Получив «Вечерне Пошту», я еще раз подивился глупости австрийских властей, которые, кажется, делали все, чтобы сознательно подставить лоб эрцгерцога под пулю террориста. Сараевская газета четко вырисовывала будущий маршрут движения эрцгерцога по городу, который он торжественно посетит после маневров; указывались ратуша, музей, арсенал и прочее. Однако я разуверился в покушении и отбыл на маневры, в которых участвовали боевые дивизии Австрии, собранные из гарнизонов Герцеговины, Далмации и Боснии. Помимо эрцгерцога, на маневрах присутствовал и Франц Конрад-фон-Гетцендорф, [291] начальник австрийского генштаба; наверное, по его почину для развертывания войск и горной артиллерии избрали труднопроходимые и совсем безлюдные места, чтобы здесь не появились посторонние. Я удачно маскировался под беднягу-крестьянина, был обут в опанки, в кожаных штанах-чакширах, и когда меня окликали часовые, я показывал им уздечку:

— Люди добрые, лошадь сбежала, какой день ищу..
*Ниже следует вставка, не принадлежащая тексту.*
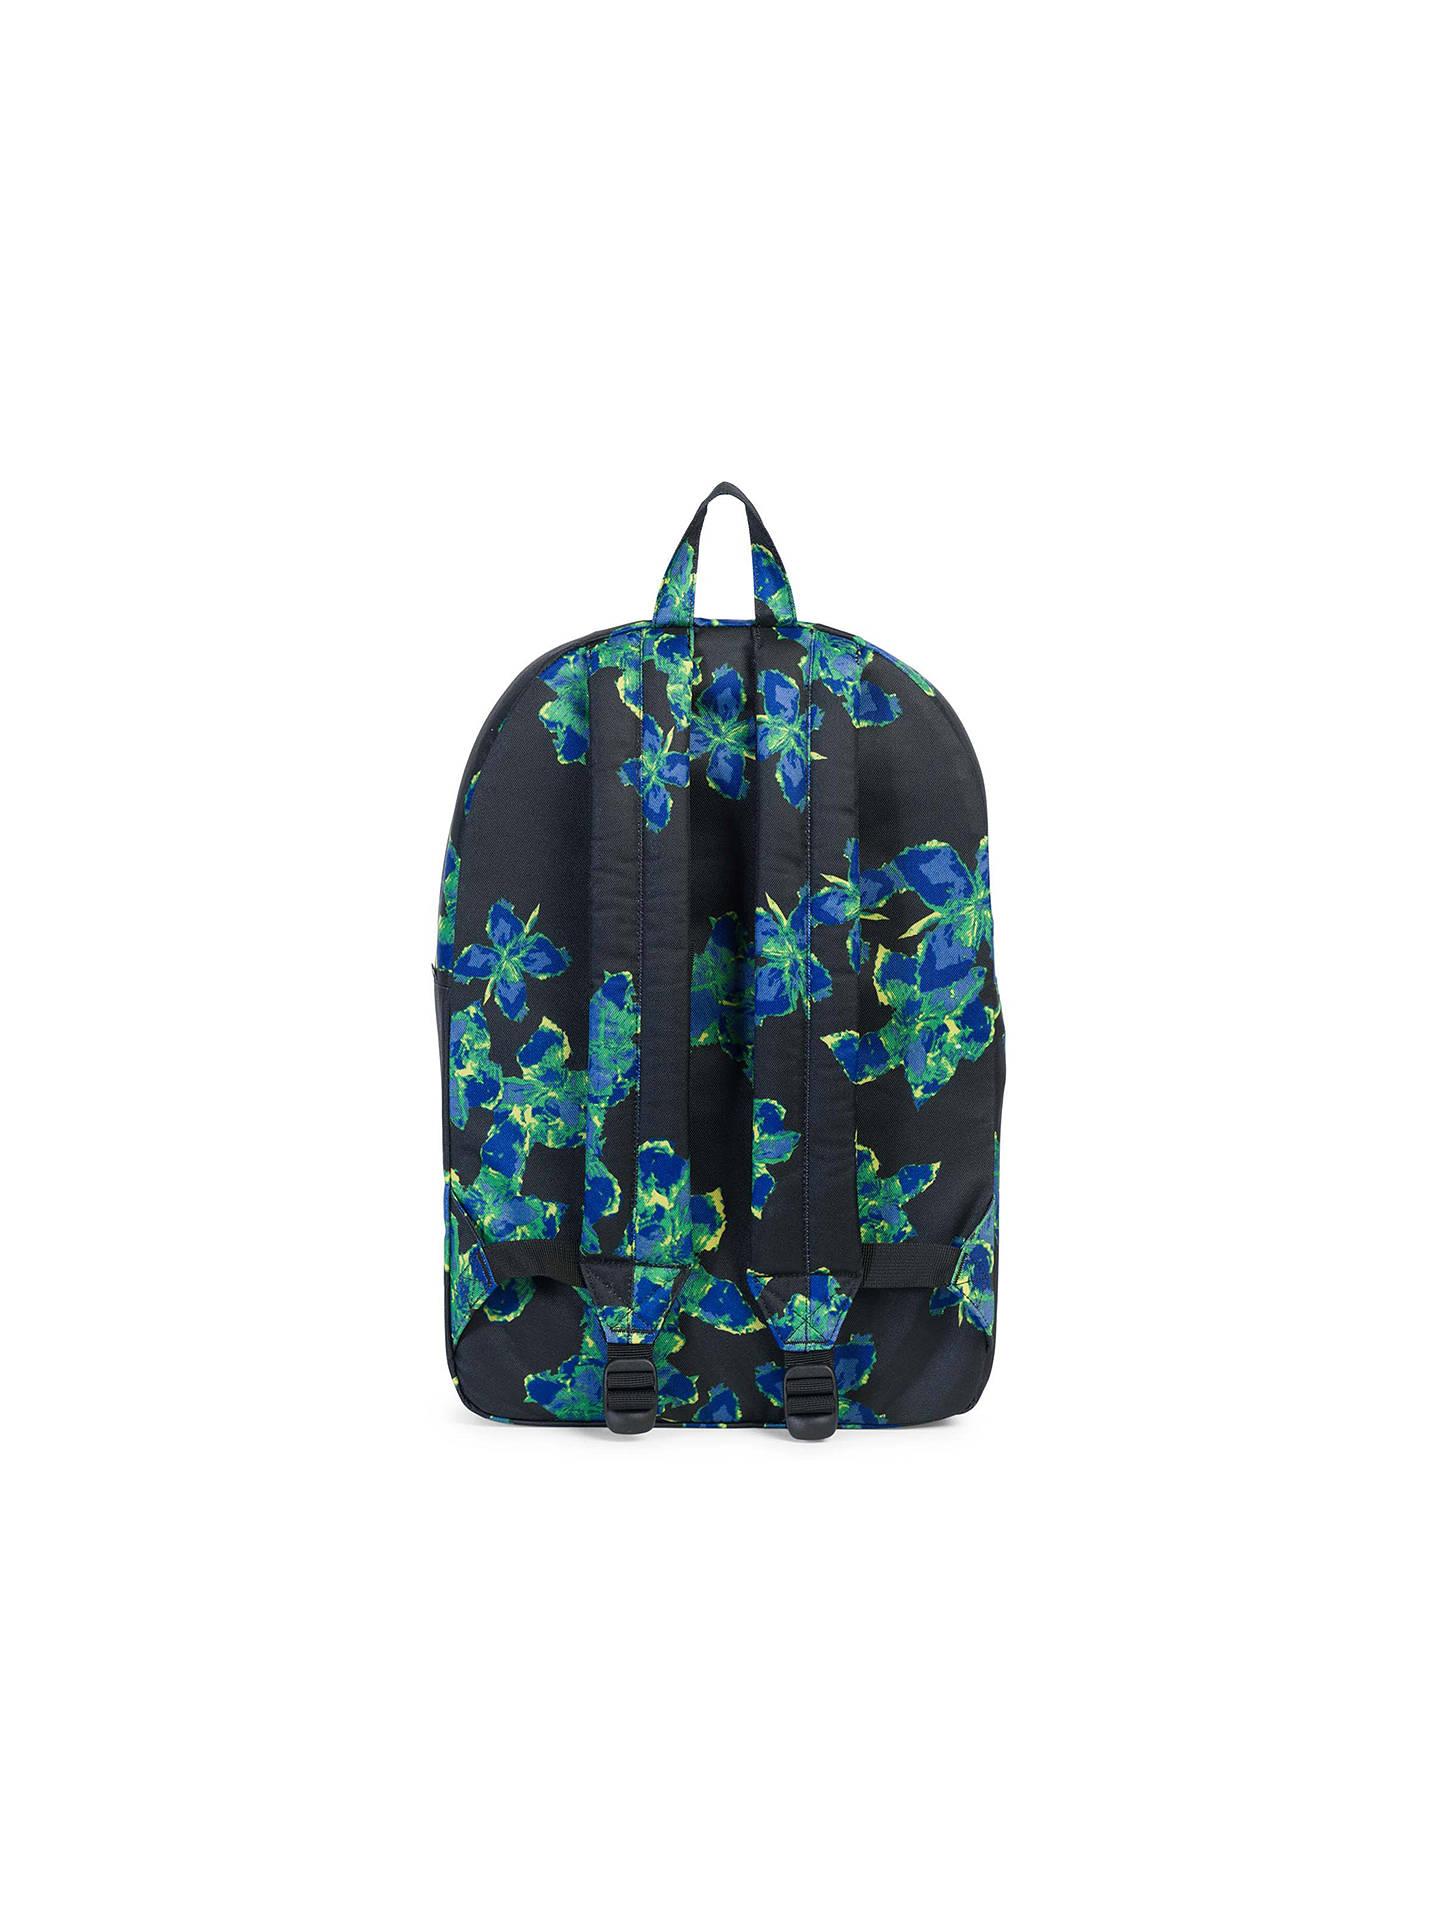 5143406fac ... Buy Herschel Supply Co. Classic Backpack

В долинах проливались дожди, а выше — в горах сыпал снег. Ничего такого, что могло бы встревожить наш Генштаб, я не высмотрел. Однако, издали наблюдая за маневрами, я лишний раз убедился в том, что армия занята своим обычным делом, никакого коварного нападения на Сербию не предвидится. «А значит, — решил я, — и повода к войне не возникнет...»

Вернувшись в Сараево, я сразу связался с русским консулом, прося его зашифровать мое донесение для Петербурга.

— Вы еще задержитесь в Сараево? — осведомился консул.

— Только до Видовдана, — отвечал я. — Поверьте, мне желательно как можно скорее убраться отсюда ко всем чертям...

Говоря так, я ведь не думал, что день святого Витта положит четкий рубеж не только в моей жизни, но и в жизни миллионов людей: Видовдан проведет четкую грань между войной и миром... В моем гостиничном номере было второе окно, выходившее на узкий двор, в котором размещались конюшни для лошадей Гриши Ефтановича. Я машинально запомнил, что вчера с улицы во двор привезли громадный воз с сеном...

Завтра это сено и станет моим спасением!

5. Видовдан

Рано утром 28 июня эрцгерцог с женою и свитою выехали в Сараево на легковых автомобилях. В кортеже было четыре машины, Франц Фердинанд с графиней Хотек ехали на второй, в которой место подле шофера занимал боснийский губернатор — генерал Оскар Потиорек. В первом автомобиле (самом опасном, ибо он был первым) сидели начальник полиции Сараево и бургомистр города — Феким-Эффенди. Наступал чудесный день.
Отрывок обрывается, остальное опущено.